Do you have a decision in front of you today?  If so, read these words extra carefully.

“If you aren’t sure which way to do something, do it both ways and see which works better.”
John Carmack, computer game programmer


Questions to Ponder

  • In what situation could you apply this approach today?
  • Have you ever taken this approach before?
  • If so, what were the results?
  • What would be the worst thing that would happen if you tried this approach?


Action Steps

1. Look at your options.

2.  If they look about equal, stop deciding and start on both.

3.  Decide which one to proceed with once you have some real results.

 

My Thoughts

To me, the wisdom of this quotation is two-fold:

– action usually wins

– it is possible there is more than one right answer.

When faced with a decision, most of us try to make the best one.  That is how we were taught, and that lesson comes from the underlying lesson of school – there is a right answer, and we succeed when we find the right answer.

Perhaps it is instructive then, that the author of our quotation today, according to Wikipedia, didn’t finish high school.  Maybe he rejected the “one right answer” logic, making school more challenging for him, because it certainly wasn’t because he lacked the mental capacity to succeed in school.

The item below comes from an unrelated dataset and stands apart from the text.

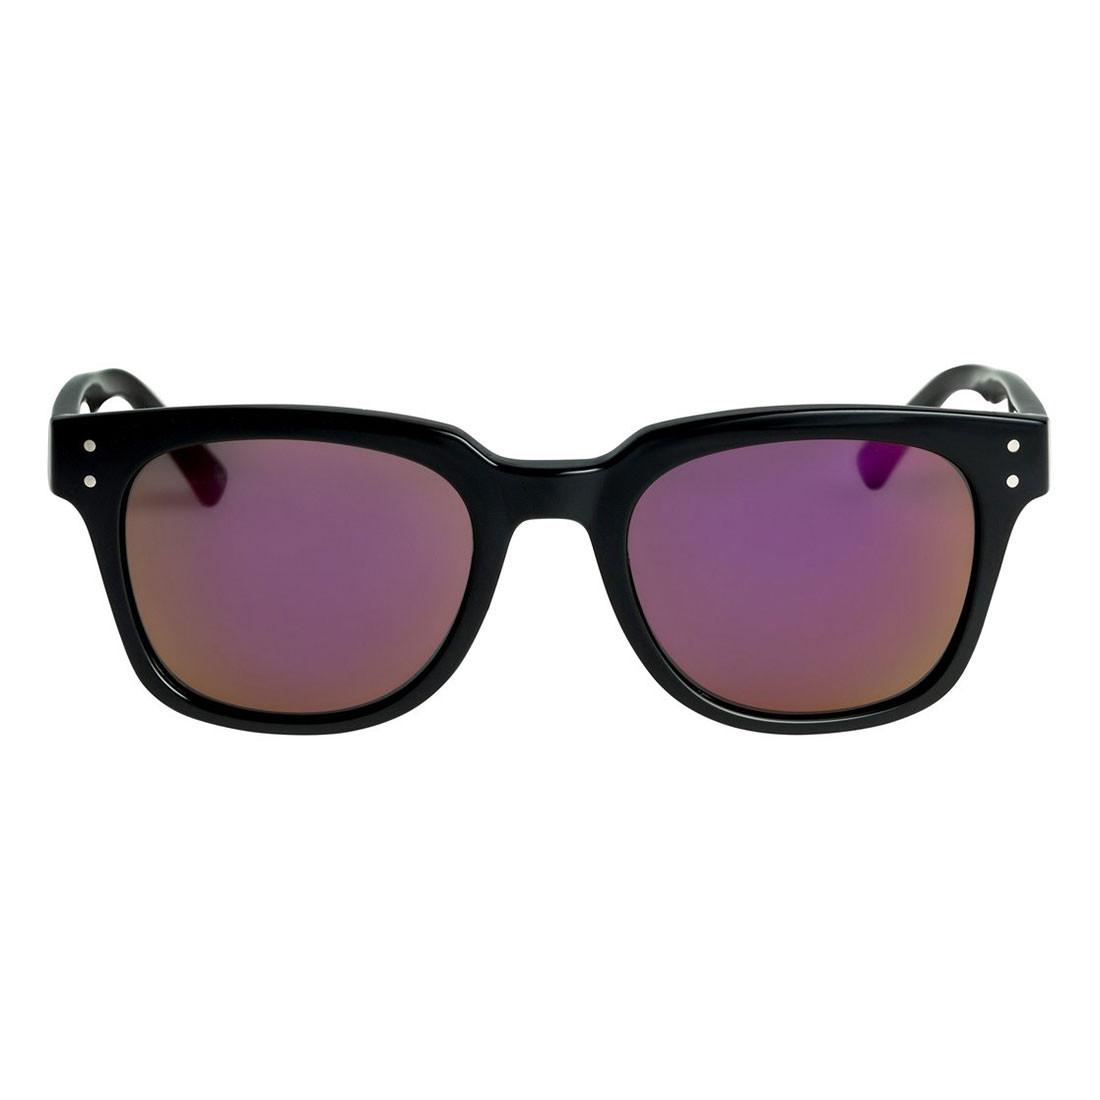 b35c1381e Slnečné okuliare Roxy Rita shiny black | Snowboard Zezula

There is more than one right answer.  Look at most achievers and you will find that they favor action, improving their odds by working on more than one approach, more than one project, more than one solution; all in service of their problem, challenge, or goal.

If you want to achieve more faster, take action and work on more than one thing at a time.  That is the lesson today, and that is my urging to you – act and decide, not always decide then act.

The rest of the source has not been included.